[Lowfer] Sound card measurements

Lyle Koehler [email protected]
Sat, 22 Nov 2003 18:02:51 -0600


I managed to find an analog hardware solution to compensate for the time
delay that I had measured between the left and right channel inputs of my
SoundBlaster Live card. The solution is an "all-pass" filter, based on
design information contained in a Texas Instruments document called "Chapter
16 - Active Filter Design Techniques". This document and a bunch of other
interesting chapters about op amps can be found at
http://www.ti.com/sc/docs/psheets/rel_msp.htm

I built a second-order filter using two sections of a quad op amp, 5
resistors and two capacitors, plus the usual bypassing and biasing stuff.
Component values are fairly critical in order to maintain a flat frequency
response from DC to 25 kHz, but I was able to select from among standard
parts in my junkbox with the help of a digital multimeter. Although this was
my first exposure to this kind of "all-pass" filter, it seems to do just
what it's supposed to, providing a constant 14 microsecond time delay.
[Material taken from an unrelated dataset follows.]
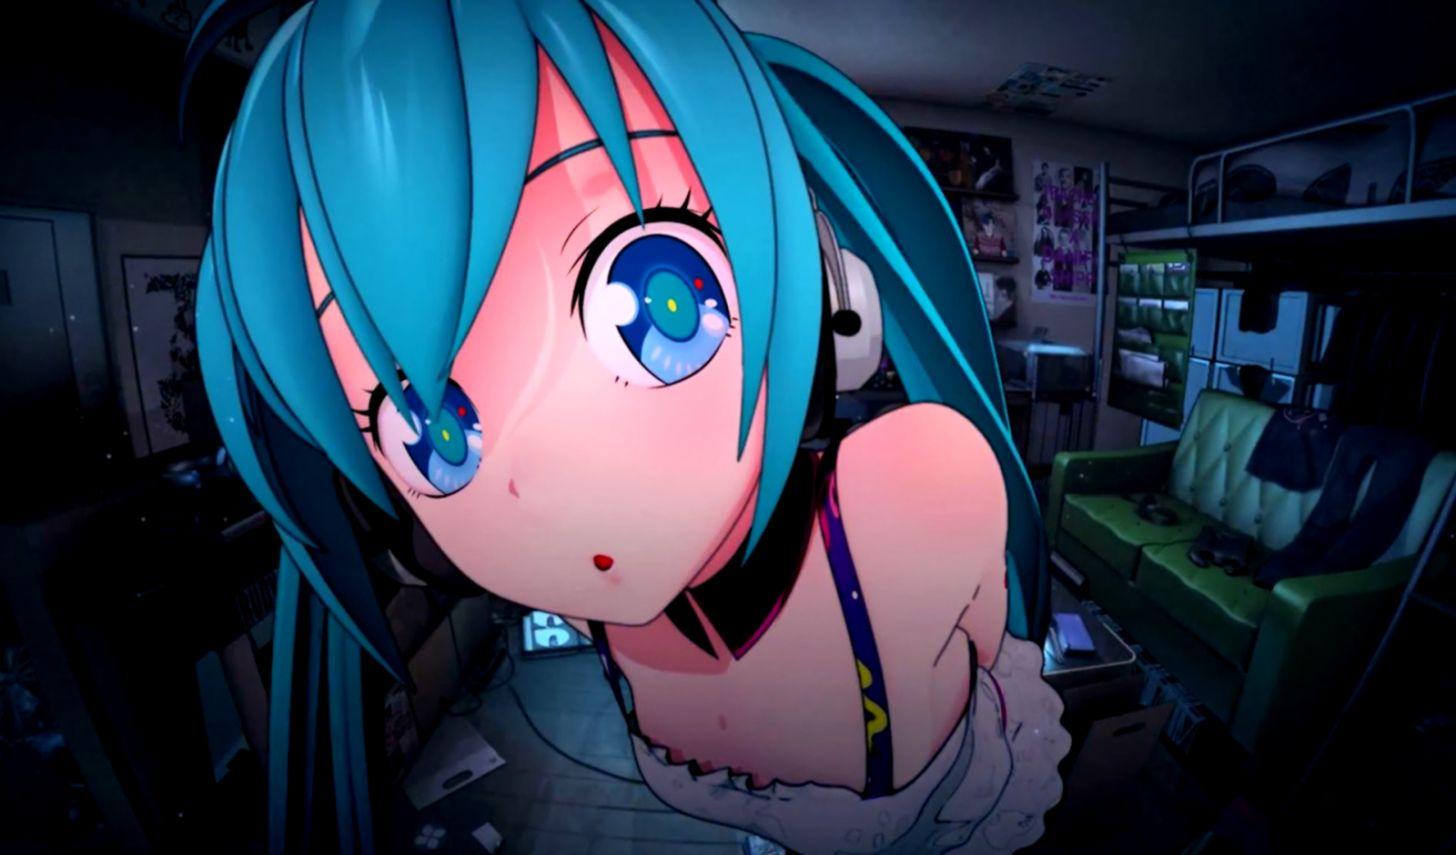 Girl Anime Desktop Wallpaper Hd Wallpapers Gallery - Desktop High Resolution Anime Wallpaper Hd - HD Wallpaper

One of the outputs of my homebrew quadrature mixer is now fed directly into
the right channel of the sound card, with the all-pass time-delay circuit
inserted between the other mixer output and the left channel input. Now I am
able to null out the "wrong sideband" using the amplitude and phase
corrections in Alberto's SDRadio software. And sure enough, the mouse lets
me tune the IF over a 48 kHz range. With the local oscillator fixed at 200
kHz, I can tune from 176 to 224 kHz, and the sideband suppression is good
enough so that no audible images of strong NDBs appear in the 176 to 190 kHz
range. I'm able to copy "local" LowFERs WE and BRO, and a number of distant
NDBs including DIW and GLS. The homebrew mixer uses a couple of NE-602s and
the receiving antenna is my balanced, tuned loop.

A good sound card would be a better solution, but if anyone is interested, I
can provide a schematic of the all-pass filter circuit and an Excel
spreadsheet that calculates the component values.